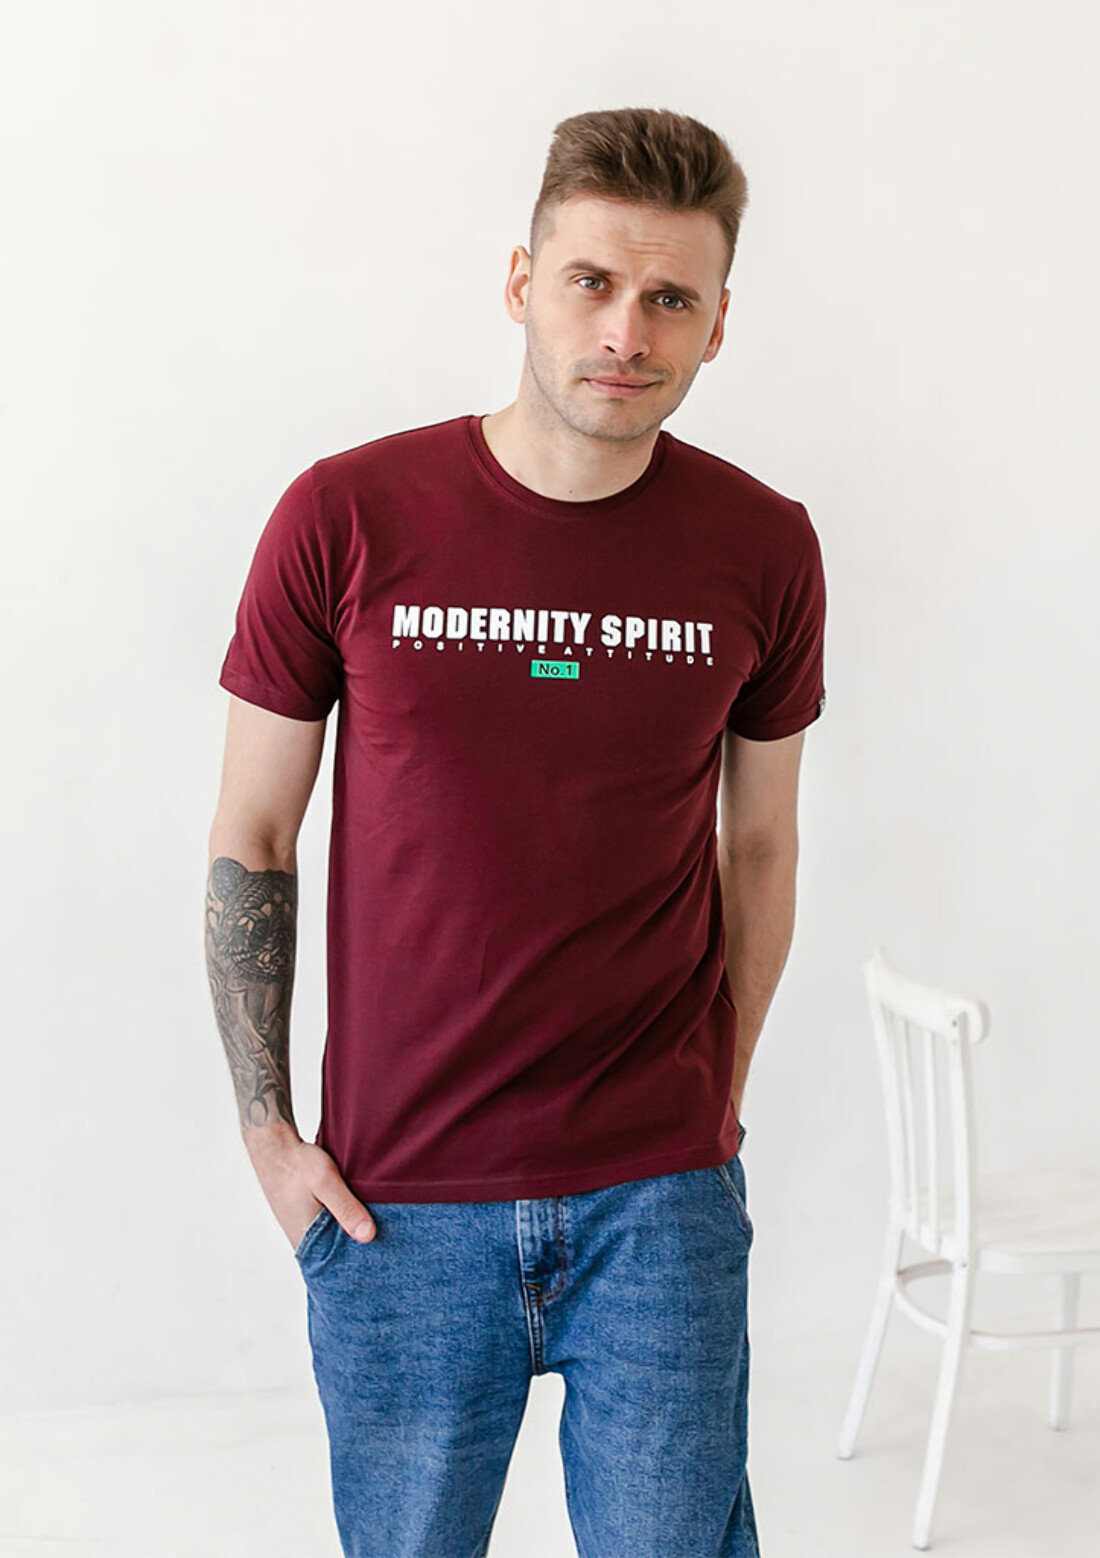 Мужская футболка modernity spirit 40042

+ + + +

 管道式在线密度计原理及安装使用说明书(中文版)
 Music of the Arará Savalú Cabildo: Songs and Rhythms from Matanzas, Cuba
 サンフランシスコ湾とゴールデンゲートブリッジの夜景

+ + + +

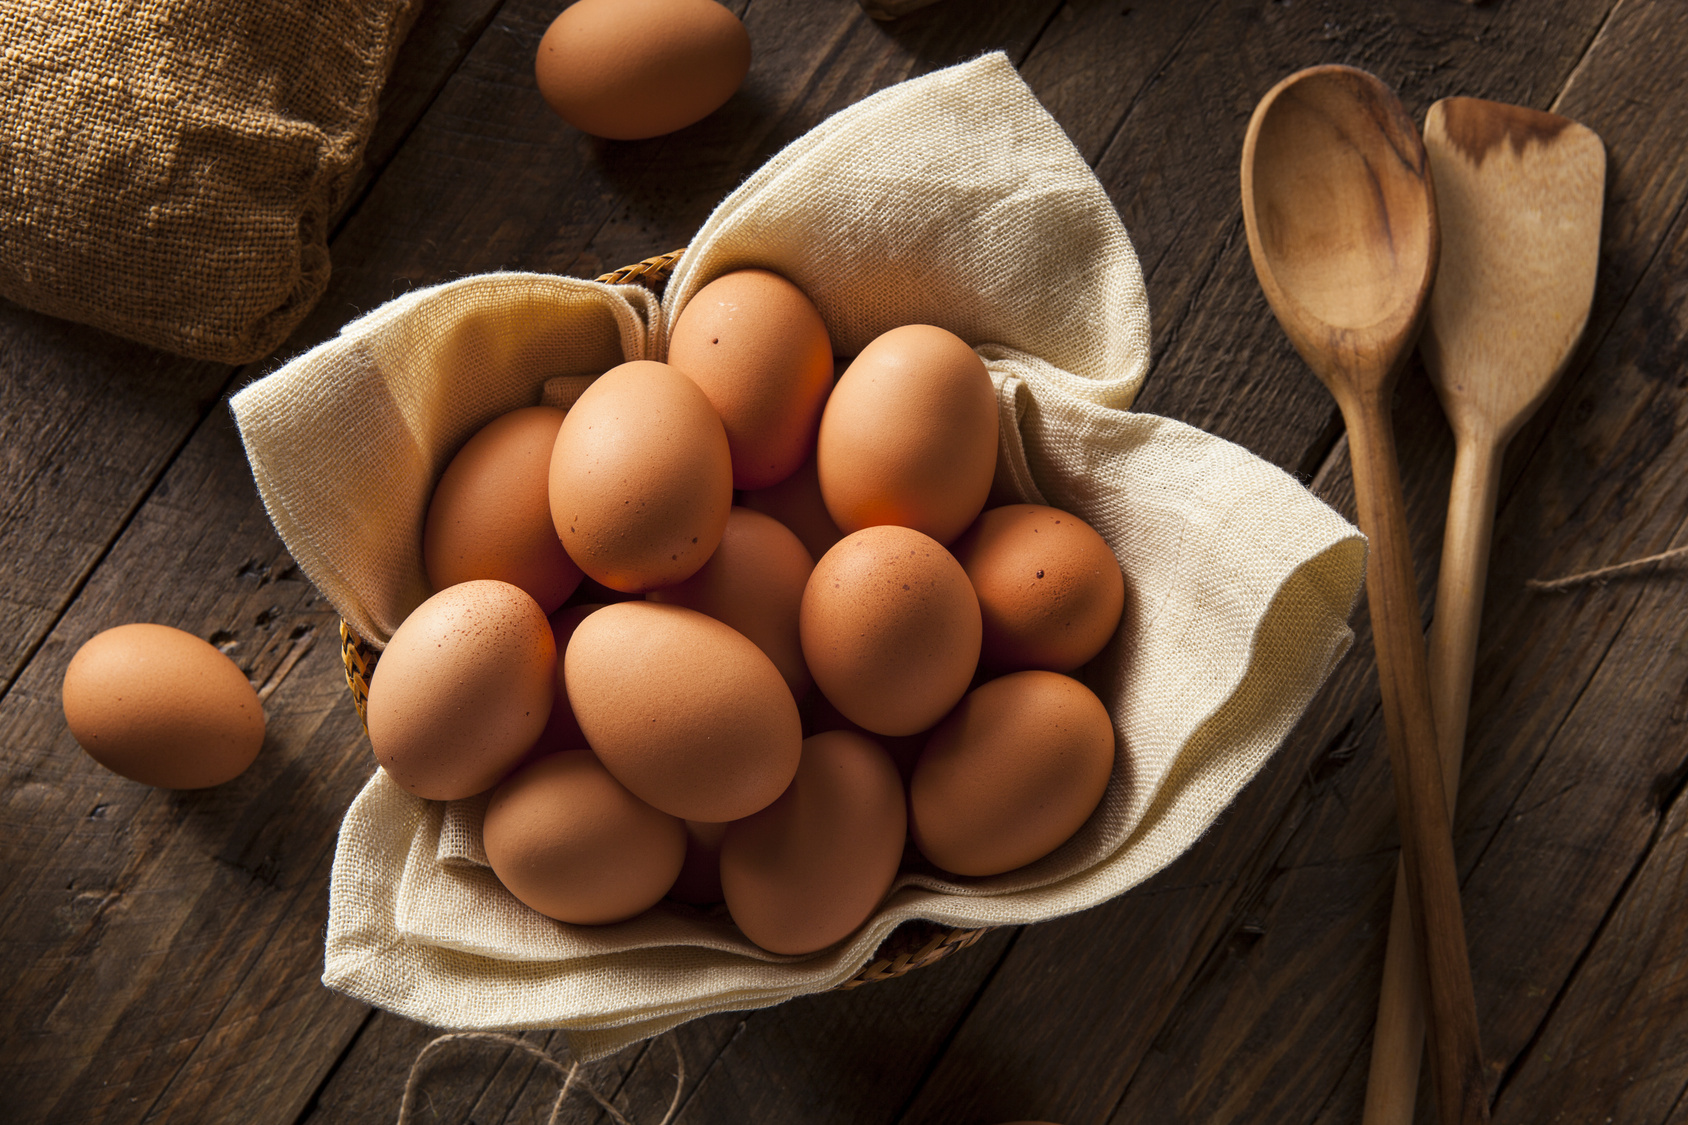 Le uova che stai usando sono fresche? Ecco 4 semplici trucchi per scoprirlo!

+ + + +

> Your task:
Copy the lines of the data above exactly as written, beginning with the line containing "管道式在线密度计原理及安装使用说明书(中文版)" and ending with the line containing "サンフランシスコ湾とゴールデンゲートブリッジの夜景", and leave out all other lines.

> Response area:
 管道式在线密度计原理及安装使用说明书(中文版)
 Music of the Arará Savalú Cabildo: Songs and Rhythms from Matanzas, Cuba
 サンフランシスコ湾とゴールデンゲートブリッジの夜景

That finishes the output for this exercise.